= Eldon Rathburn =

Canadian film composer (1916–2008)

Eldon Davis Rathburn (21 April 1916 – 31 August 2008) was a Canadian film composer who scored over 250 films during his thirty-year tenure as a staff composer at the National Film Board of Canada. Known as "the dean of Canadian film composers", Rathburn composed music for documentaries, short films, as well as such feature films as Drylanders (1963), Nobody Waved Good-bye (1964), Waiting for Caroline (1969), Cold Journey (1975), and Who Has Seen the Wind (1977). Rathburn was the subject of a 1995 NFB documentary by Louis Hone titled Eldon Rathburn: They Shoot... He Scores.

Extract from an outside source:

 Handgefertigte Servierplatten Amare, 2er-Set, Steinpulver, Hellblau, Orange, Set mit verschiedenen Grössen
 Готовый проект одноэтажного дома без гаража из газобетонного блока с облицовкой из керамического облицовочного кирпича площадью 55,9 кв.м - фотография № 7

== Early life and education ==
Rathburn was born in the community of Queenstown, in Queens County, New Brunswick, Canada. As a child he learned to play the piano. Rathburn attended Saint John High School, and received a Licentiate of Music from McGill University in 1937. The following year, he won the Canadian Performing Rights Society Scholarship Competition, and began performing on the piano for local dance bands and radio broadcasts, including with Don Messer. In 1945 he received a Young Artist Award for composition from the Los Angeles Philharmonic Orchestra. His winning composition, "Symphonette," was performed by the L.A. Philharmonic under the baton of Alfred Wallenstein on 23 March 1945. In L.A. he studied with Arnold Schoenberg, who had chaired the Young Artist Award adjudication committee. From 1938–39, he studied at the Toronto Conservatory of Music with Healey Willan (composition), Reginald Godden (piano), Charles Peaker (organ), and Leo Smith (harmony).

== Career ==
Rathburn began working at the National Film Board in 1947. Among the 250 films he scored was the 1977 adaptation of W.O. Mitchell's Who Has Seen the Wind. He also provided the music for the NFB's Labyrinth installation at Expo 67. He composed music for a number of early IMAX films.

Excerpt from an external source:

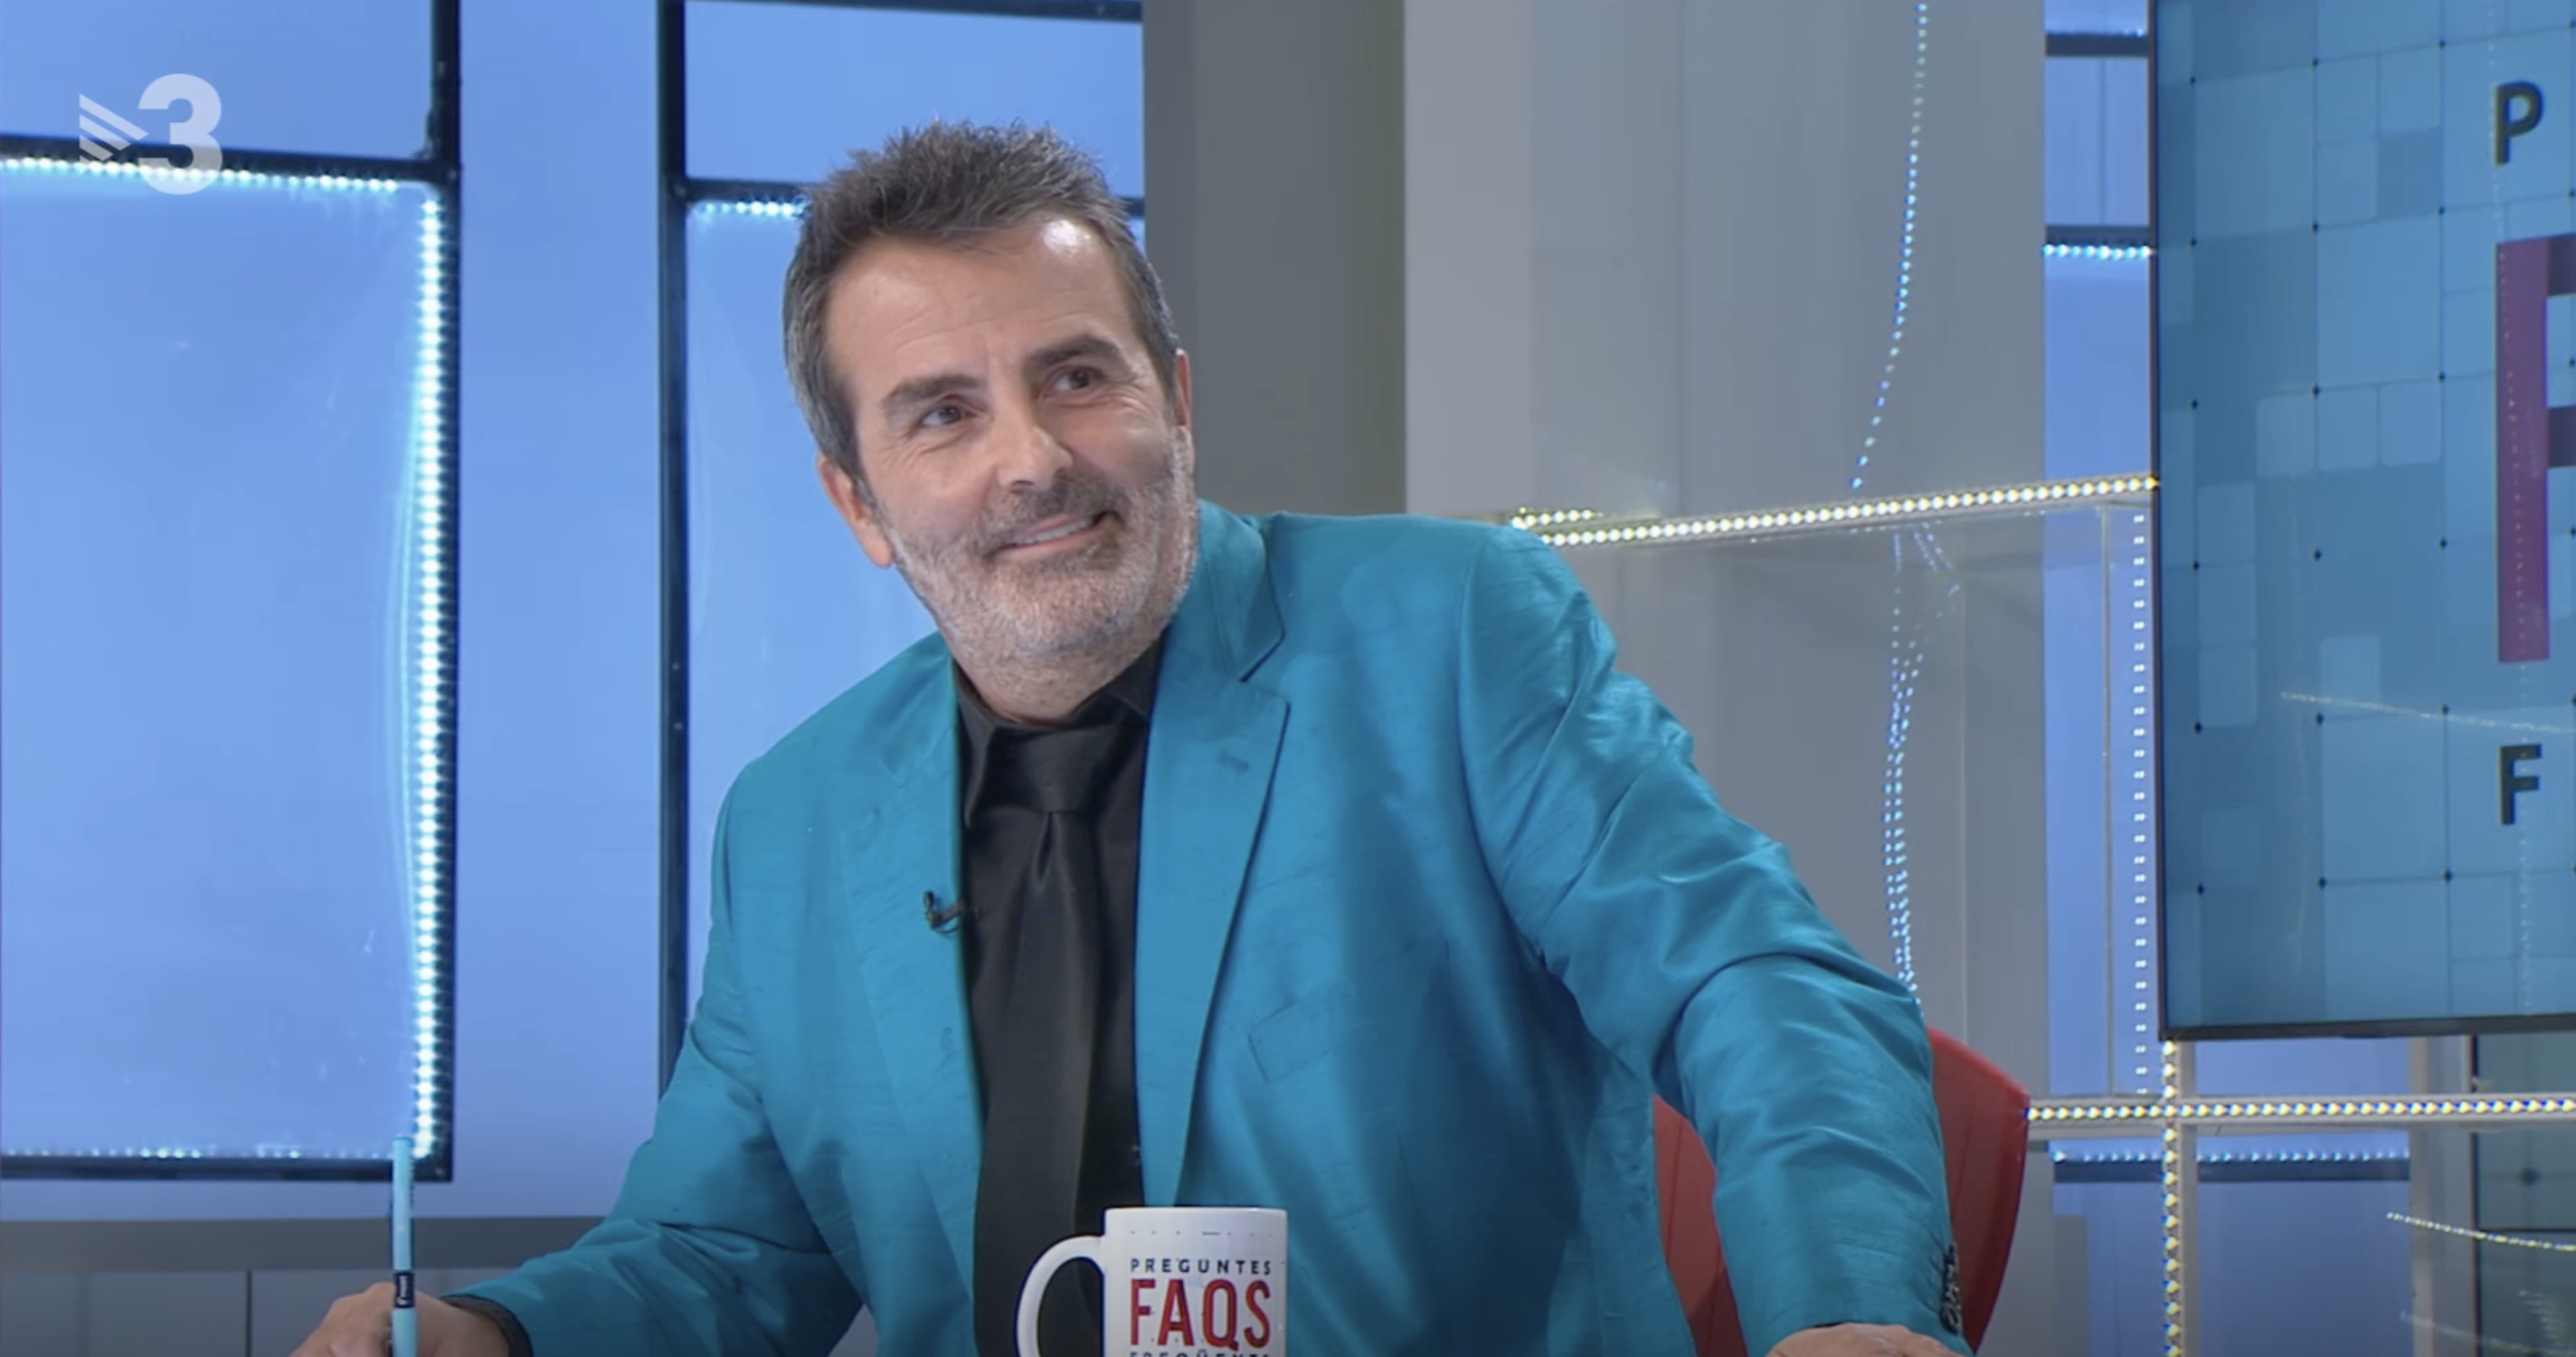 Sala-i-Martin es mofa de l'obsessió de Víctor Font amb Laporta

After his retirement from the NFB in 1976, Rathburn continued to compose; his work was featured at the Ottawa Chamber Music Festival.

On April 14, 1999, he was invested as a Member of the Order of Canada. A book on his life and work, authored by James K. Wright, was published by the McGill-Queens Press in 2019.

Rathburn died in Ottawa on 31 August 2008.